### [INFORMATION SHOWN]
• • •
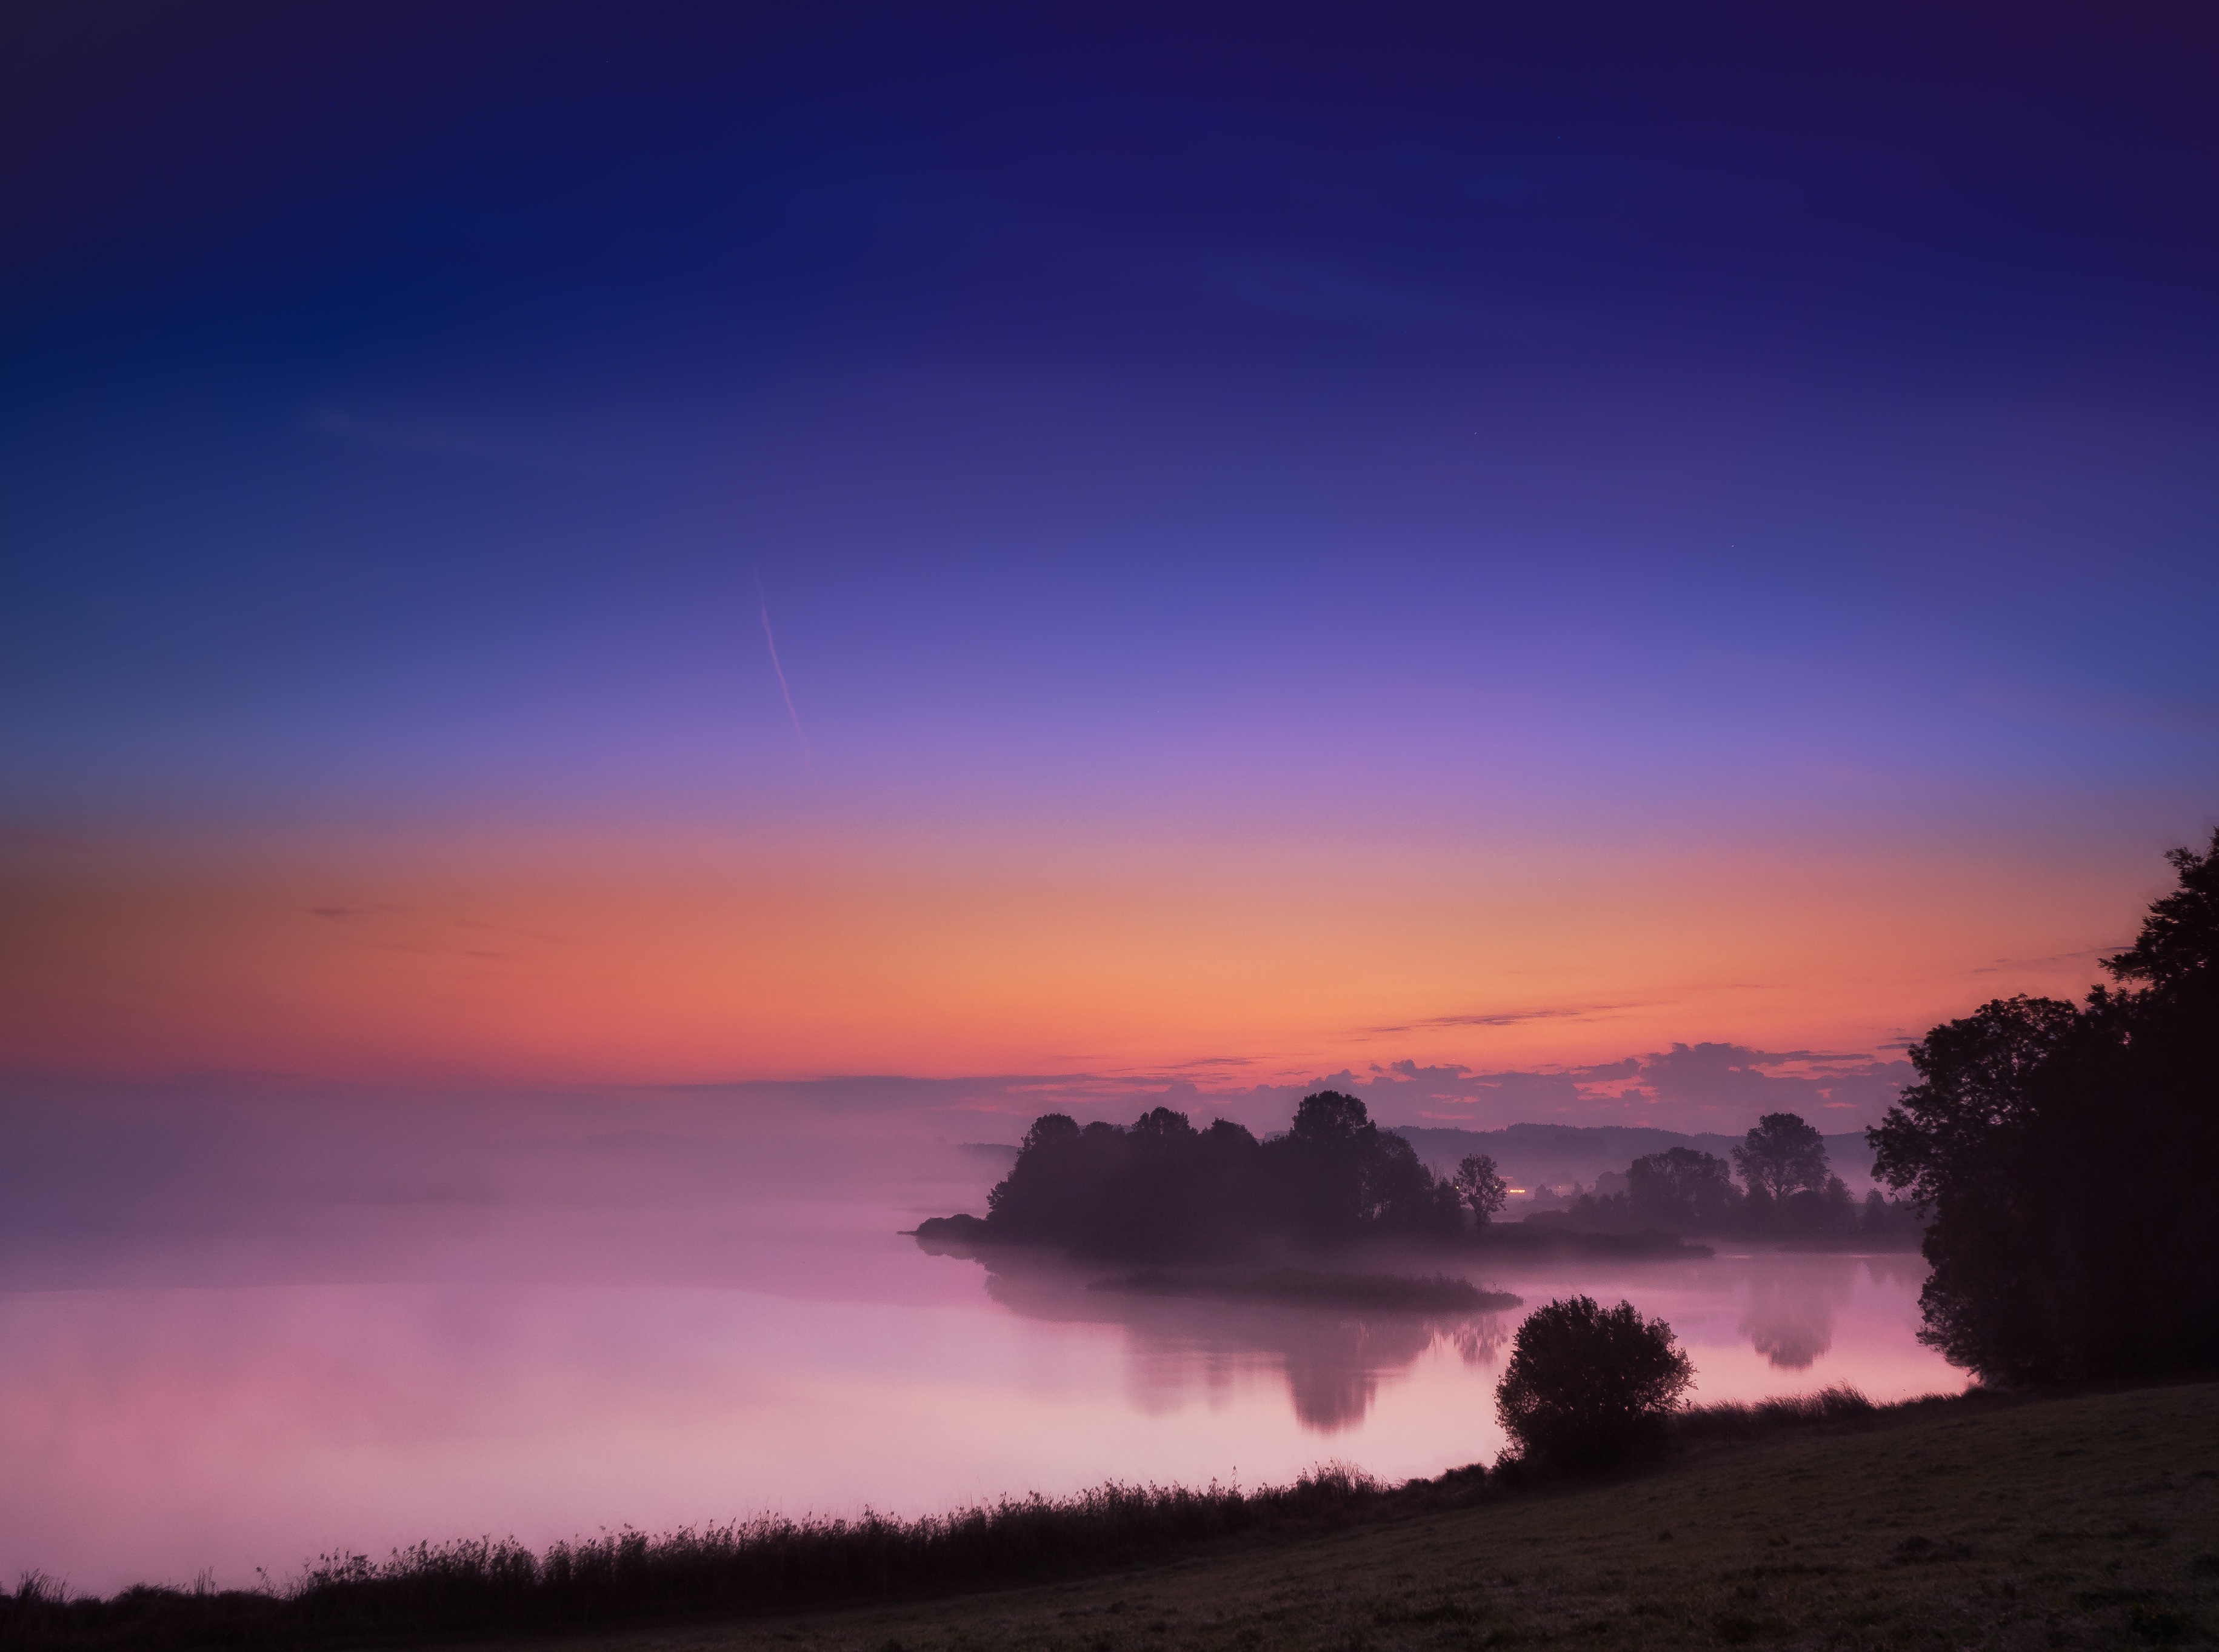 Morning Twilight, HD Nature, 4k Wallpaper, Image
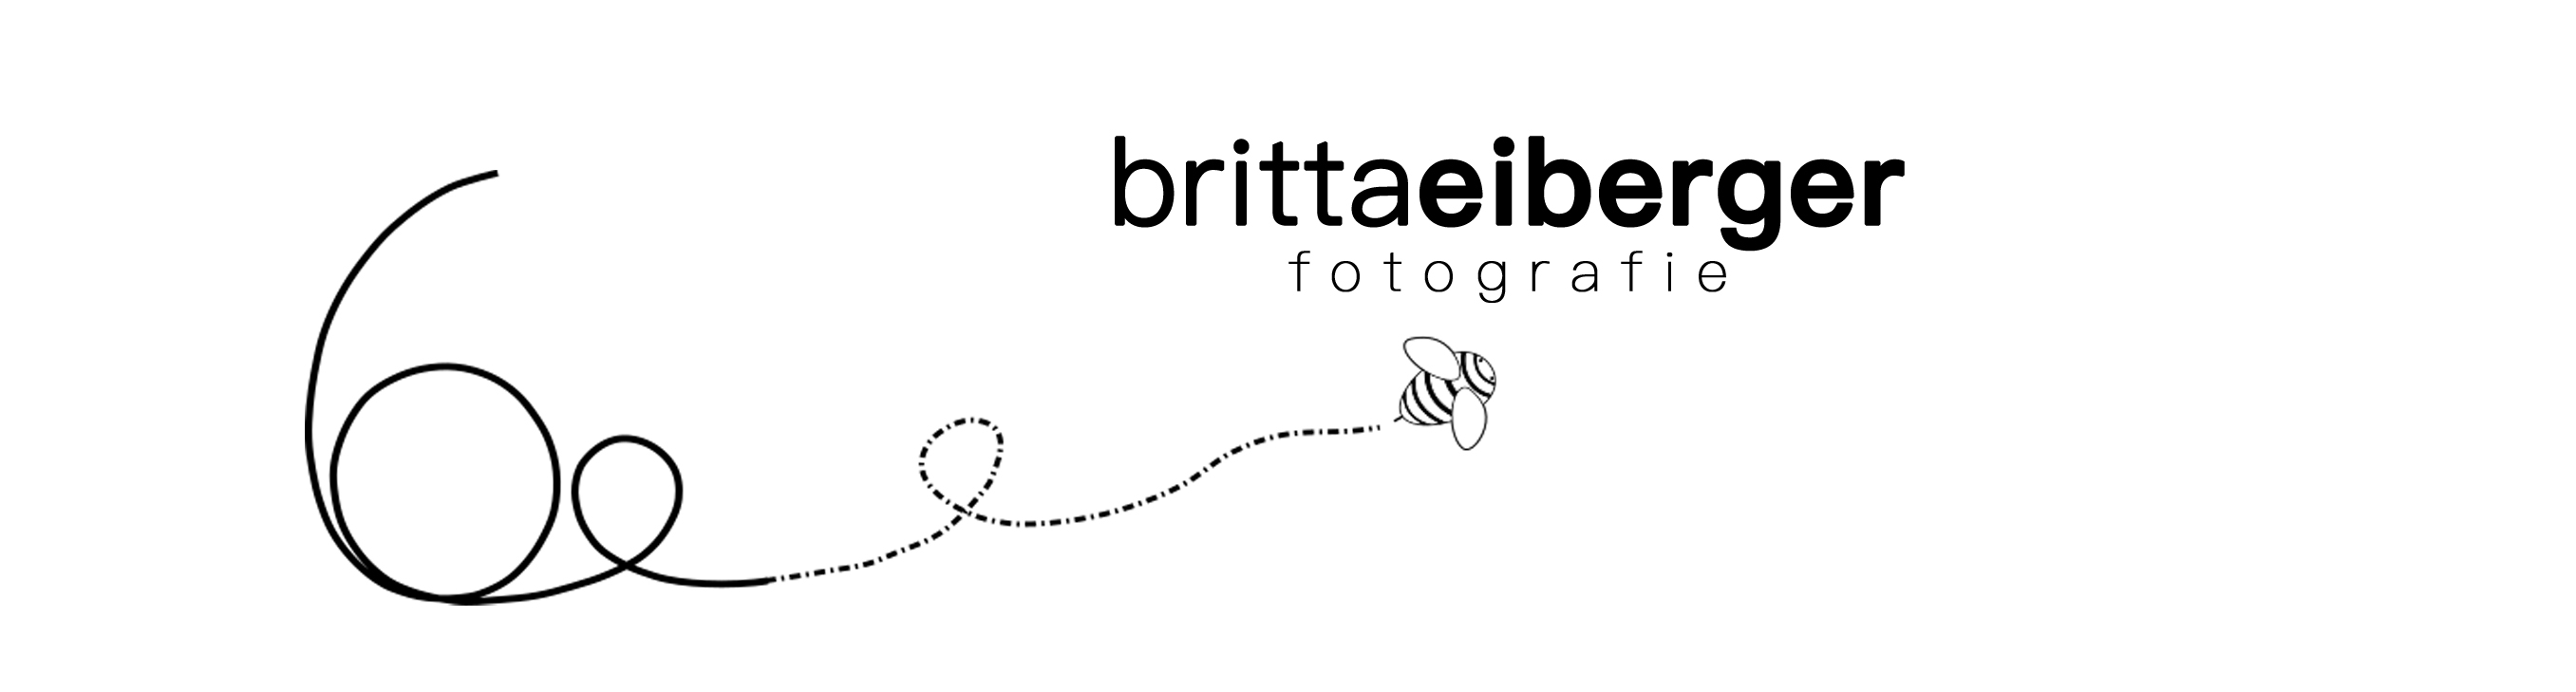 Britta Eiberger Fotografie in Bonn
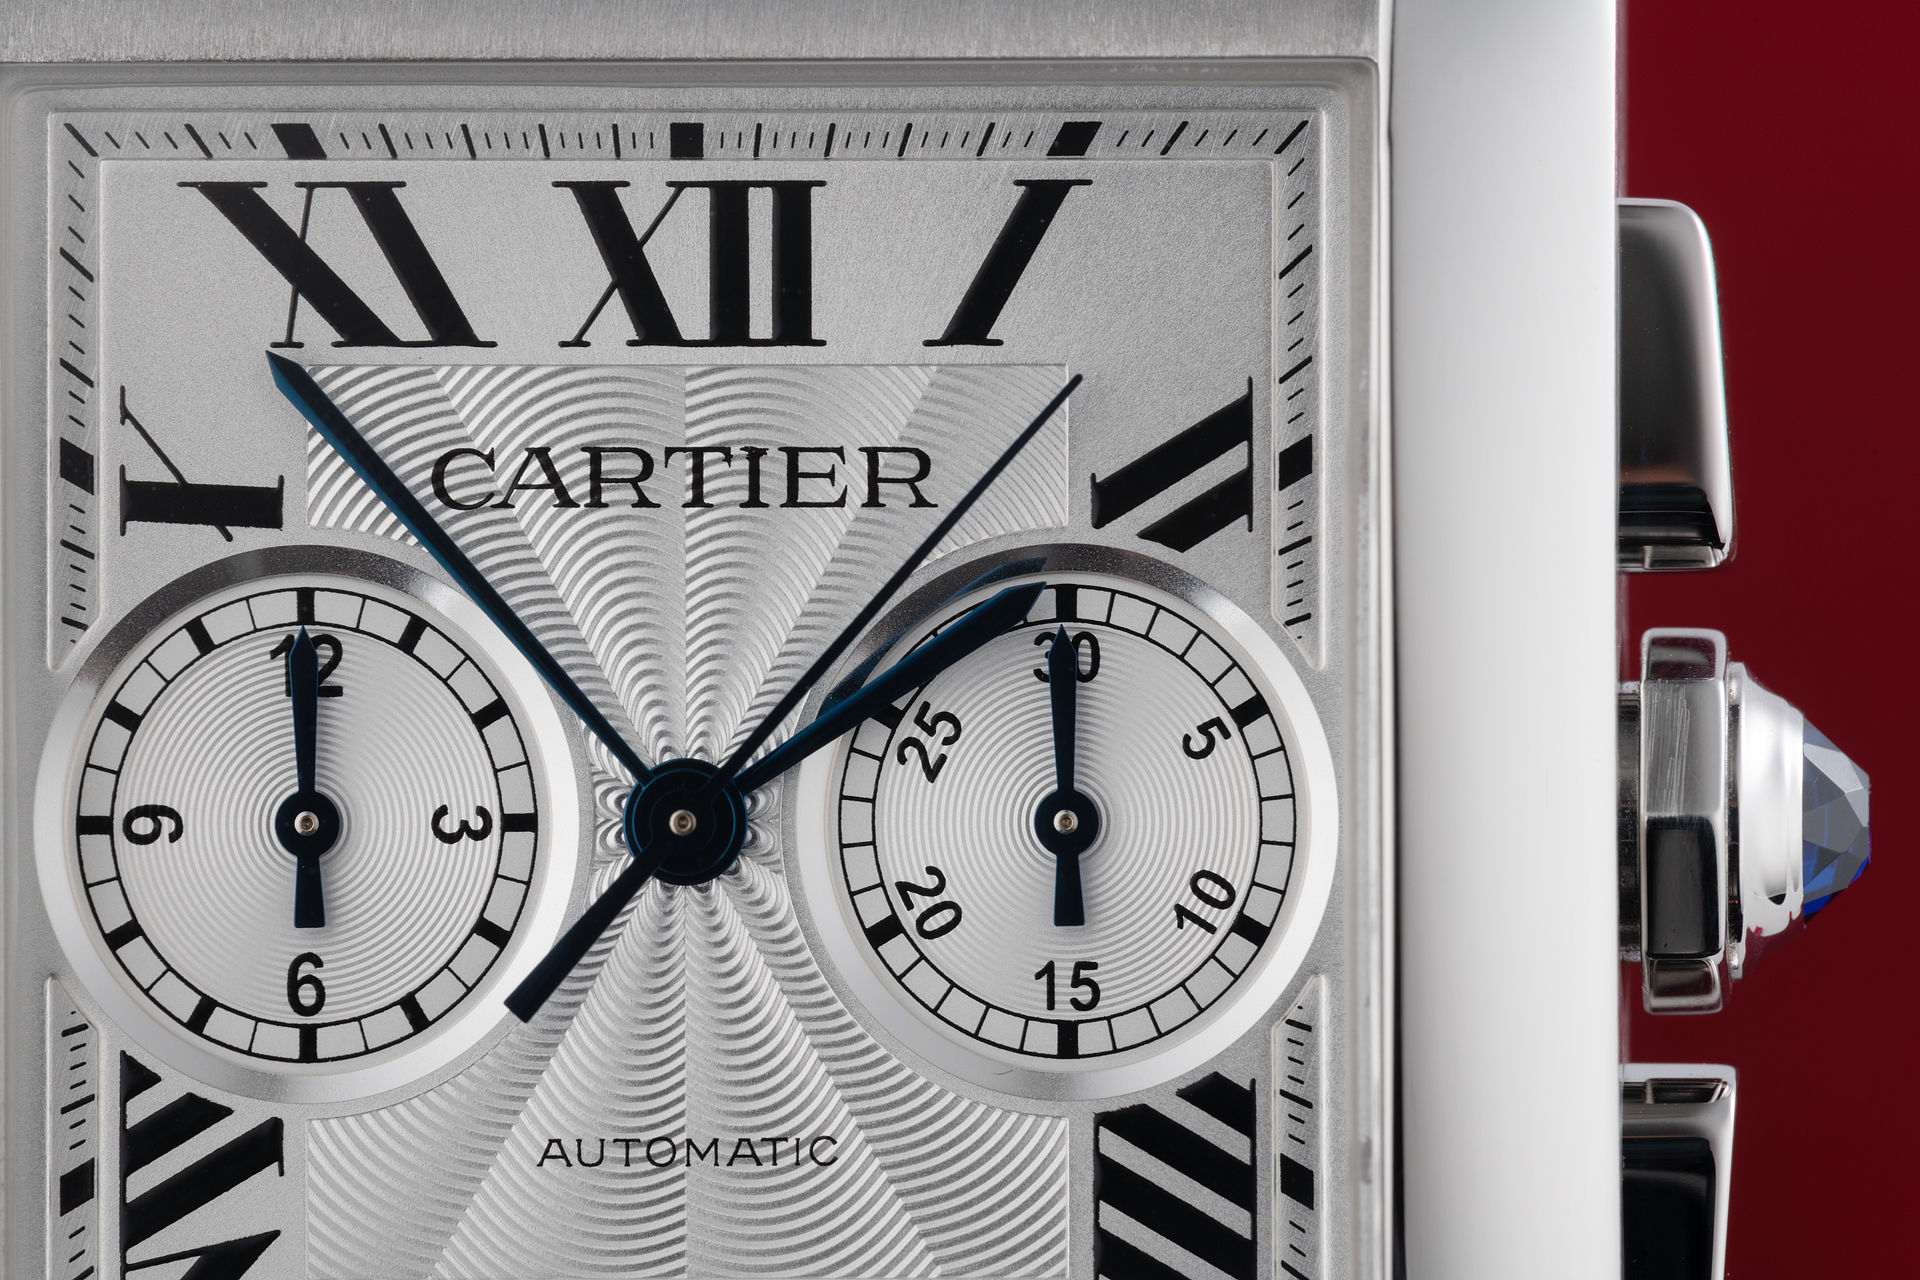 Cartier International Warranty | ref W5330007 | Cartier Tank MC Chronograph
• • •
### [EXERCISE OBJECTIVE]
Word-for-word restatement: every line from the one with "Britta Eiberger Fotografie in Bonn" through the final line of the data, both ends included, pictures excluded.

### [SOLUTION TO THIS TASK]
 Britta Eiberger Fotografie in Bonn
 Cartier International Warranty | ref W5330007 | Cartier Tank MC Chronograph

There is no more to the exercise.